Kessler detalhou também que a ideia é seguir pela contramão de movimentos nacionais e internacionais, que preveem a desocupação da área rural e a migração para a área urbana. “Um jovem que vem para a área urbana não quer mais voltar, mas hoje temos tecnologias modernas, drones, robótica, animais controlados por chip, controles em telas de computador, smartphone, etc, o que está muito ligado com a pesquisa da academia, como a Embrapa”, ressaltou.

Altas expectativas

Segundo o presidente da ARP, a expectativa é de fazer uma feira equilibrada, com tempo bom e casa cheia. Ele menciona a dificuldade na venda de espaços, seja pela economia retraída e pela falta de percepção de parte do mercado empresarial, que não enxerga a Expofeira como um espaço para vender a sua marca. “Medem o resultado direto, imediato e a nossa é uma feira de conceitos, com foco educacional e de integração urbano-rural”, disse.

A perspectiva dos organizadores é realizar um evento que surpreenda positivamente. “Eu sou otimista e, apesar de todo o cenário, vamos ter uma feira e um parque muito povoado, com muita visitação, as pessoas estão carentes de se encontrar e precisam de um ponto de encontro”, previu.

O futuro da Associação Rural

Passada a Expofeira, o grupo começa a preparar o plano sucessório e o planejamento estratégico. Kessler aponta que a diretoria tem três vice-presidentes e as conversas apontam para uma transição serena com o reagrupamento de um time forte, que pode se renovar para o ano que vem, pois tiveram o cuidado de completar todos os cargos que o atual estatuto prevê. O seu retorno à presidência se deu por período temporário de um ano, que se encerra em 30 de março de 2026.

Alguns números da Expofeira 2024

Sob a batuta do ex-presidente Augusto Rassier, a 98ª Expofeira Pelotas obteve um faturamento de R$ 5,18 milhões na venda de animais com a realização de nove remates ao longo do evento. Nos sete dias da feira, o clima apresentou variações, com três dias de chuva, e culminando com um fim de semana de sol e temperaturas agradáveis. Segundo os organizadores, passaram pelo evento em torno de 130 mil pessoas.
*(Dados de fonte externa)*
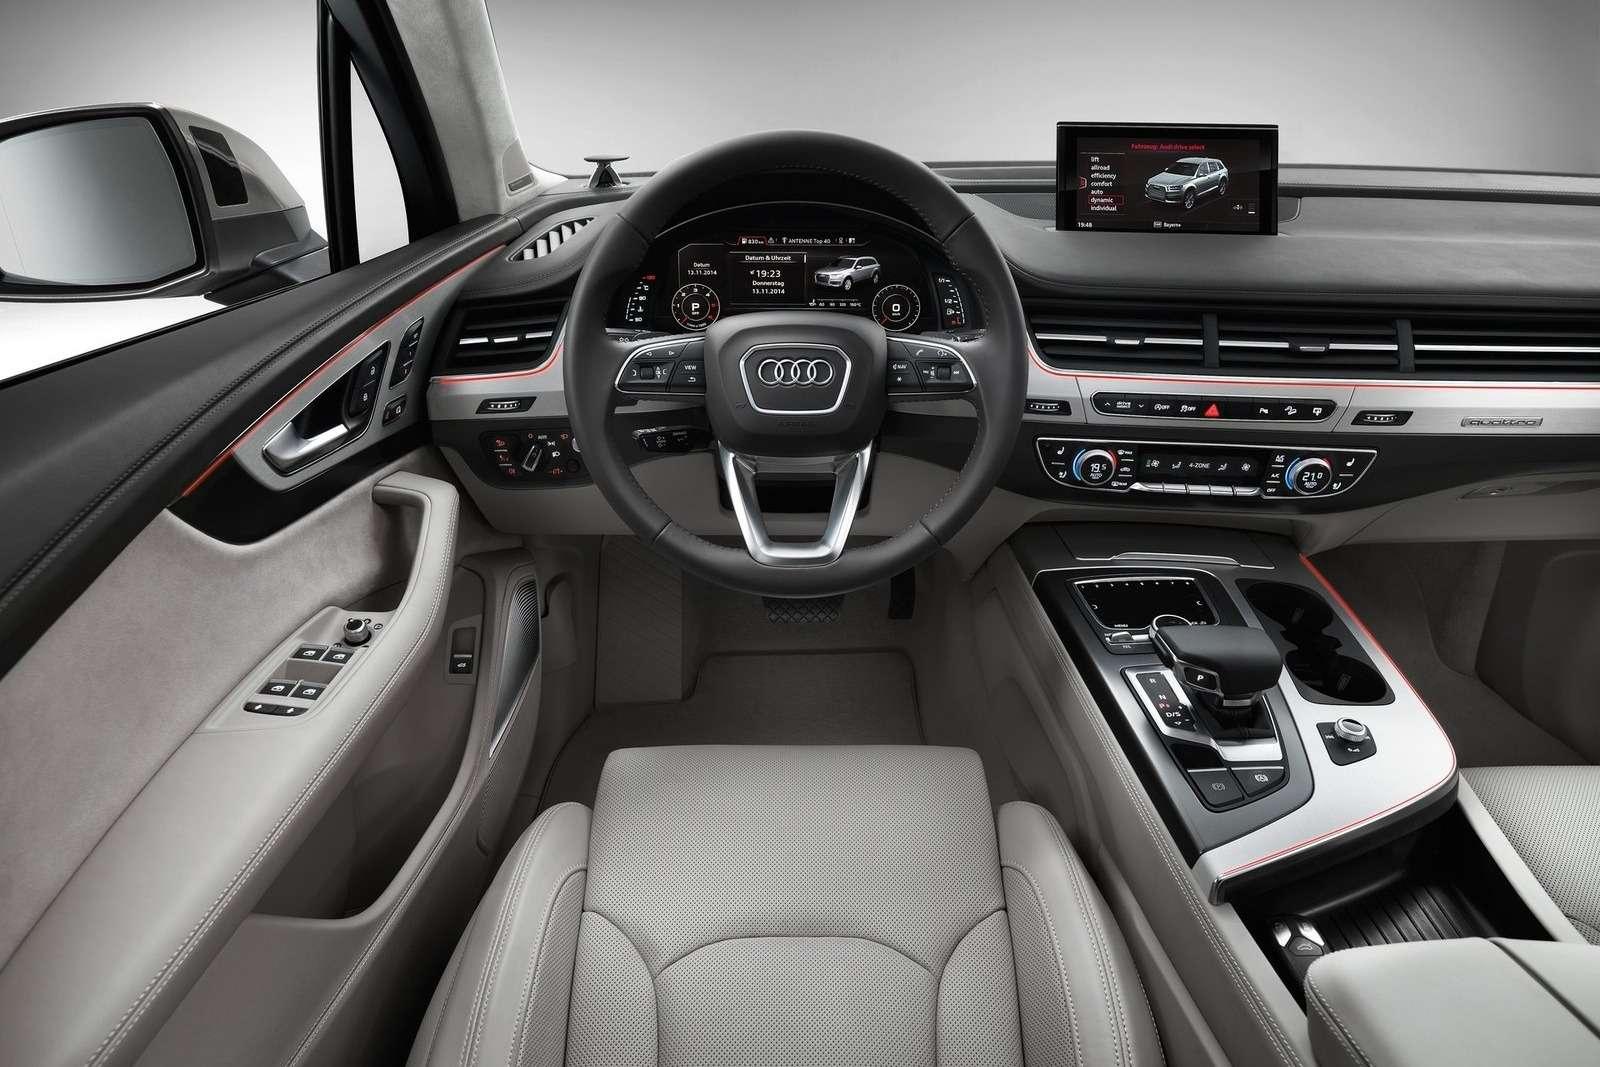 Audi-Q7_2016_1600x1200_wallpaper_1a

No Pavilhão da Agricultura Familiar, um dos mais visitados do evento, as vendas fecharam em R$ 115 mil, com a participação de 31 empreendimentos. Com menor número de expositores em relação ao ano anterior, a venda individual por banca foi considerada muito próxima aos negócios realizados de um ano para outro. O evento recebeu 282 animais entre bovinos de corte e de leite, ovinos e equinos.
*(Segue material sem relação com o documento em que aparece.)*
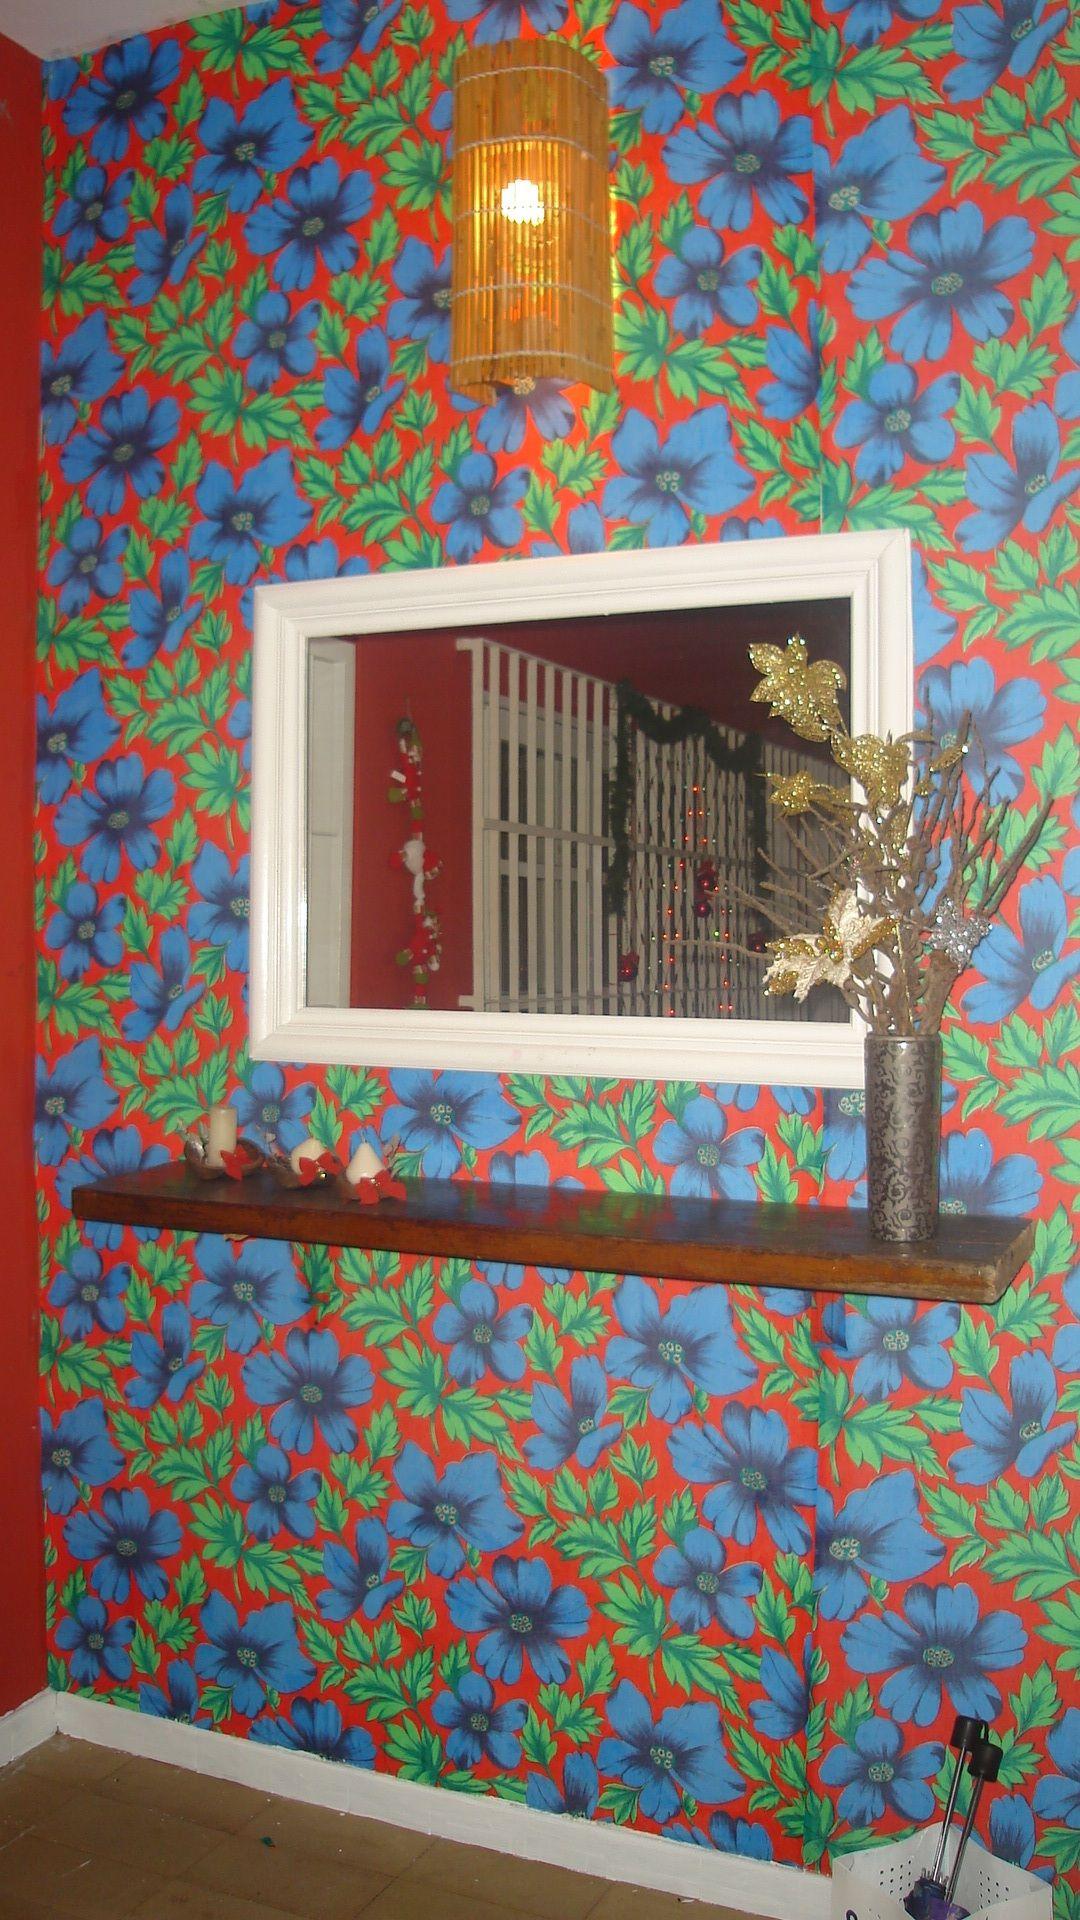 decoraç u00e3o com chita tecido Pesquisa Google Ideias de como usar chita Decoraç u00e3o com chita

Entre os destaques da edição, a Fazendinha e a Escolinha do Agro, que receberam 1,8 mil crianças, nos sete dias de feira, a maioria estudantes das escolas municipais de Pelotas e municípios vizinhos. A feira também teve a marca da inovação com o lançamento da primeira Inteligência Artificial Tridimensional do agronegócio brasileiro, a Terra Campos. Desenvolvida não apenas para dar informações sobre o evento, mas também para desmistificar tabus sobre o agro e responder dúvidas sobre o setor, que ao longo da semana interagiu com o público.